Limitations of In Situ Hybridization

  • Not generally used for quantifying RNA

  • Has limited sensitivity which makes it challenging to detect low-abundance RNA.

Quantitative PCR (qPCR)

Introduction

  • Course Info: BIOL 205 - RNA Techniques, Video 4: Quantitative PCR

Learning Outcomes

  • By the end of the video, students should be able to:

    • Explain reverse transcriptase and qPCR.

    • Outline major steps in cDNA synthesis and qPCR.

    • Identify when qPCR is the most effective experimental technique.

Definition and Purpose

  • Quantitative PCR (qPCR): A PCR-based method for detecting specific RNA molecules.

    • Features: Fully quantitative, highly sensitive.

  • Uses:

    • Quantification of gene expression.

    • Detection of viruses and microbes (e.g., SARS-CoV-2).

Major Steps in qPCR

  1. Isolate RNA from the sample.

  2. Reverse transcribe mRNA to complementary DNA (cDNA), requires:

    • Template RNA

    • dNTPs

    • Poly(T) primer

    • Reverse transcriptase ( reverse transcriptase is an enzyme that synthesizes complementary DNA (cDNA) from RNA templates, playing a crucial role in molecular biology for applications such as cDNA library construction and quantitative PCR. )

  3. qPCR:

    • Amplify cDNA of interest using sequence-specific primers.

    • Measure DNA quantity after each cycle.

  4. Analysis:

    • PCR cycle number at which DNA is detected above a threshold correlates to the initial concentration of DNA.

      • more mRNA = more cDNA

      • More cDNA = more template for PCR

      • More template for PCR means more fluorescence.

SYBR Green Method

  • A specific method noted for its application in qPCR for detecting amplified DNA.

    • only fluorescent when bound to double-stranded DNA

Comparison: Standard PCR vs. qPCR

  • Standard PCR:

    • Gene-specific primers to amplify DNA of interest.

    • Detection of PCR products only after 25-35 cycles.

  • qPCR:

    • Gene-specific primers to quantify DNA.

    • Detect PCR products after each cycle, allowing for real-time analysis.

Limitations of qPCR

  • Cannot determine the size of RNA molecules.

  • Can be technically challenging with potential for false-positive and false-negative results.
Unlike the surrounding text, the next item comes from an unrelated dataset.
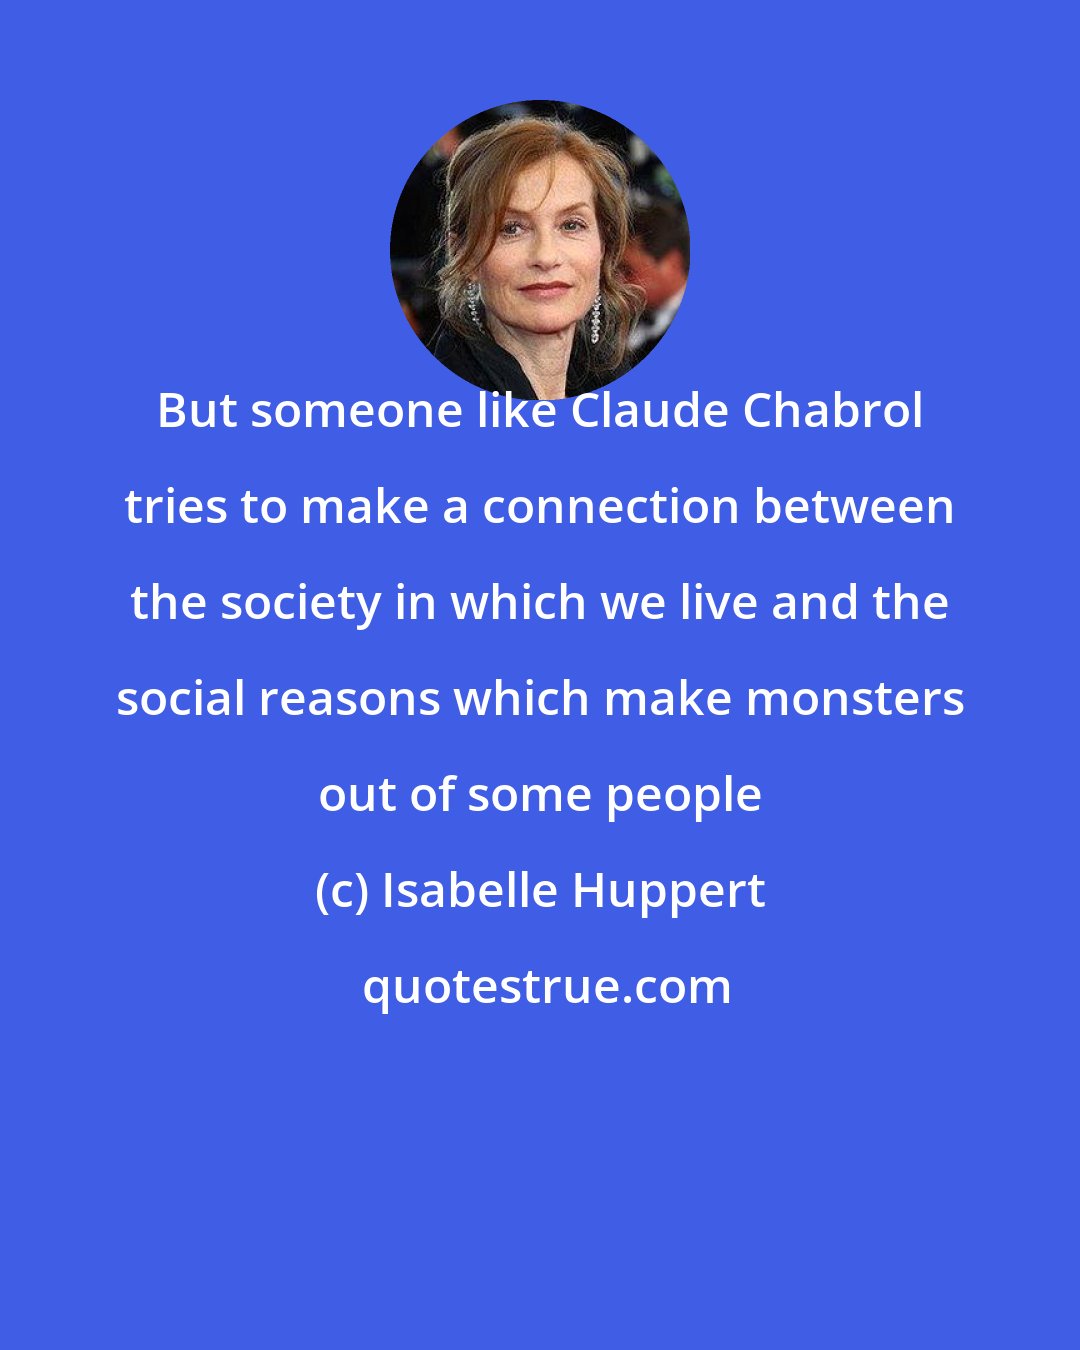 Isabelle Huppert: But someone like Claude Chabrol tries to make a connection between the society in which we live and the social reasons which make monsters out of some people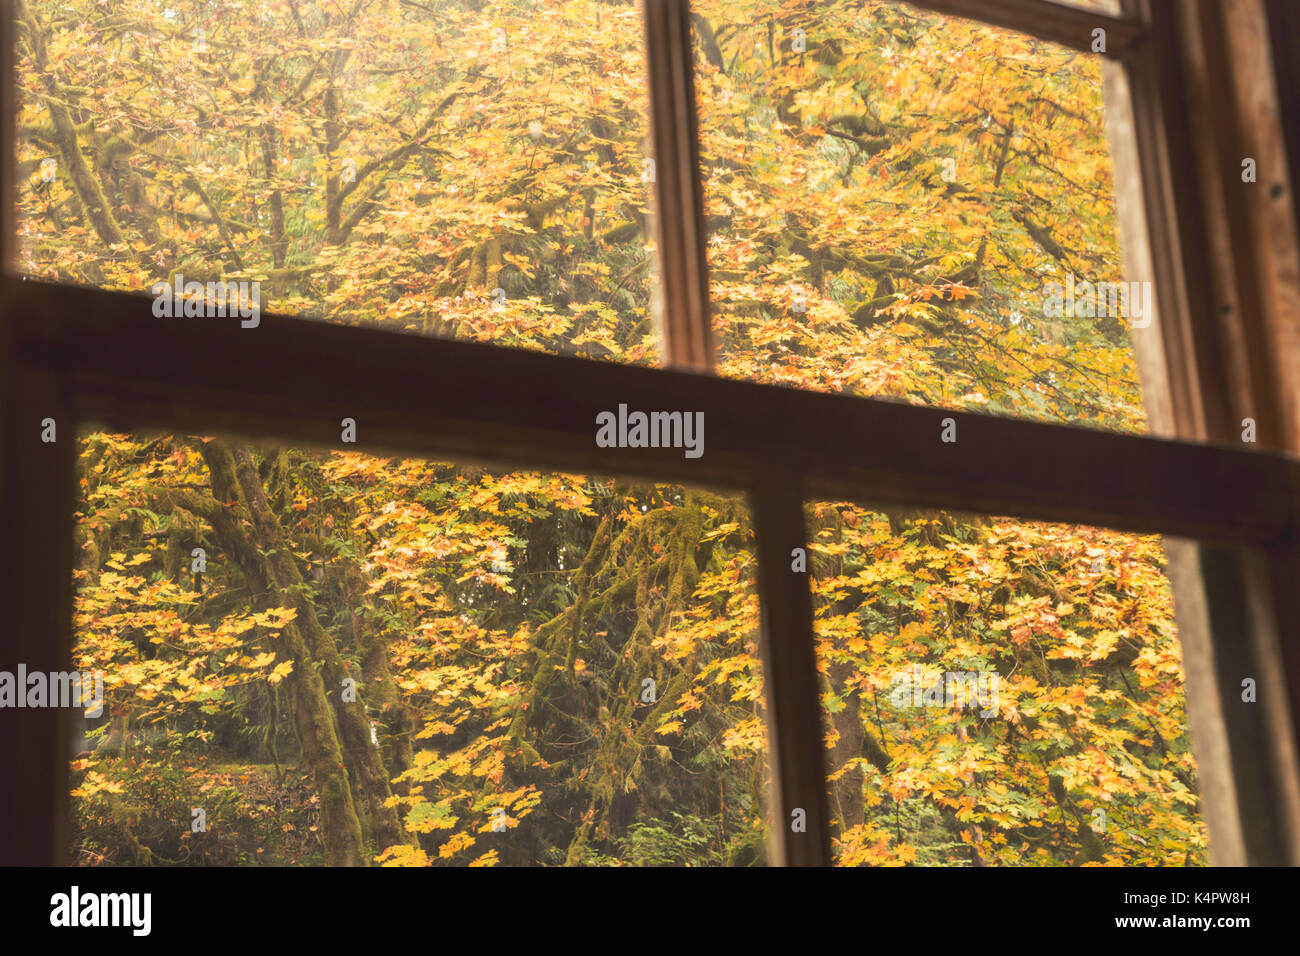 Autumn view, looking outside to the fall foliage viewed through a vintage window Stock Photo

  • Not high-throughput, limiting the number of genes analyzed.

RNA Sequencing (RNA-Seq)

Introduction

  • Course Info: BIOL 205 - RNA Techniques, Video 5: RNA Sequencing

Learning Outcomes

  • By the end of the video, students should be able to:

    • Explain the purpose of RNA sequencing.

    • Outline major steps of RNA sequencing.

    • Identify situations where RNA sequencing is the most appropriate technique.

Definition and Purpose

  • RNA Sequencing (RNA-Seq): A technique utilizing Next Generation Sequencing (NGS) to detect and quantify the expression of all mRNAs in a sample.

    • Fully quantitative, highly sensitive, and high-throughput.

  • Uses:

    • Determine gene expression patterns under varying conditions.

    • Identify which DNA segments are transcribed.

Major Steps in RNA Sequencing

  1. Isolate RNA from the sample.

  2. Reverse transcribe mRNA into cDNA.

  3. Fragment cDNA.

  4. Attach adapters to cDNA:

    • Include sequences for primer binding.

  5. Attach cDNA to a solid surface.

  6. Amplify cDNA sequences using PCR.

  7. Sequence the fragments.

  8. Analyze the data using specialized software.

Limitations of RNA Sequencing

  • High cost associated with the technique.

  • Generates a substantial amount of data, which can complicate analysis.